These hackers managed to pull off the feat by allegedly making a lot of tiny donations to largely small-time streamers.
The donations came in the form of Bits, which are the platform’s “cheering currency.” Allegedly, the hackers contracted Twitch streamers in Turkey to whom they’d send massive payments in Bits.
After the payments are received, the streamers will then refund 80% of the money they got back to the hackers, which made the dirty money “clean” and usable.
The alleged scam was picked up by several other Turkish streamers when they noticed that these small-time content creators–some of them with little to no following–were still earning as much as $1,800, reports Middle-East Eye.
The money that the hackers were sending these streamers was obtained by stealing the credit card info of random people. A total of 2,400 small-time Twitch streamers were in on the scam.
Once again, the Twitch hack that occurred back in October is coming back to haunt the platform. It was considered by some to be one of the biggest data breaches in recent memory and has revealed a lot of things going on behind the scenes.
Among the things that were uncovered by hackers was that Twitch has a “No Ban” list that counts several of the biggest streamers–several of them also being the most controversial ones.
This money laundering scam is just one of many other troubles to spring up after the big hack.

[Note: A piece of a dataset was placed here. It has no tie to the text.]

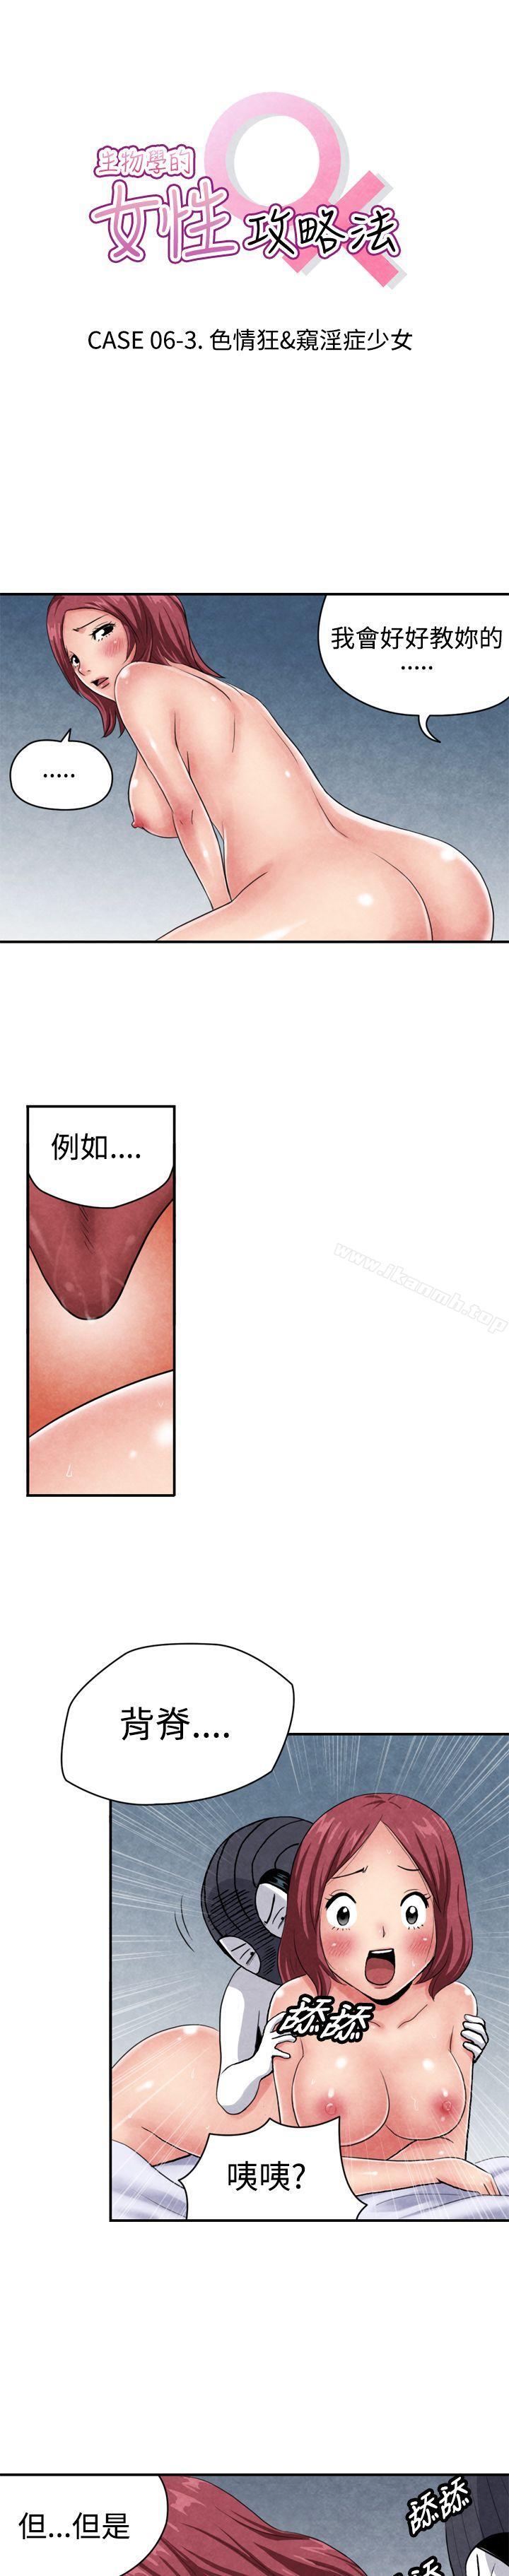 《生物學的女性攻略法》在线观看 CASE06-3.色情狂&窥淫症少女 漫画图片1

Read Also: Twitch Hack Reveals Only The Top 0.01% Of Streamers Can Make MILLIONS
What Is Twitch Doing About This?
When the scam was discovered, various authorities moved in to conduct an investigation, reports PC Gamer.
There were no exact details shared about how law enforcement is handling this money laundering case. However, it has been reported to PC Gamer that Twitch is now taking action against specific Turkish streamers who have “abused” the platform’s systems.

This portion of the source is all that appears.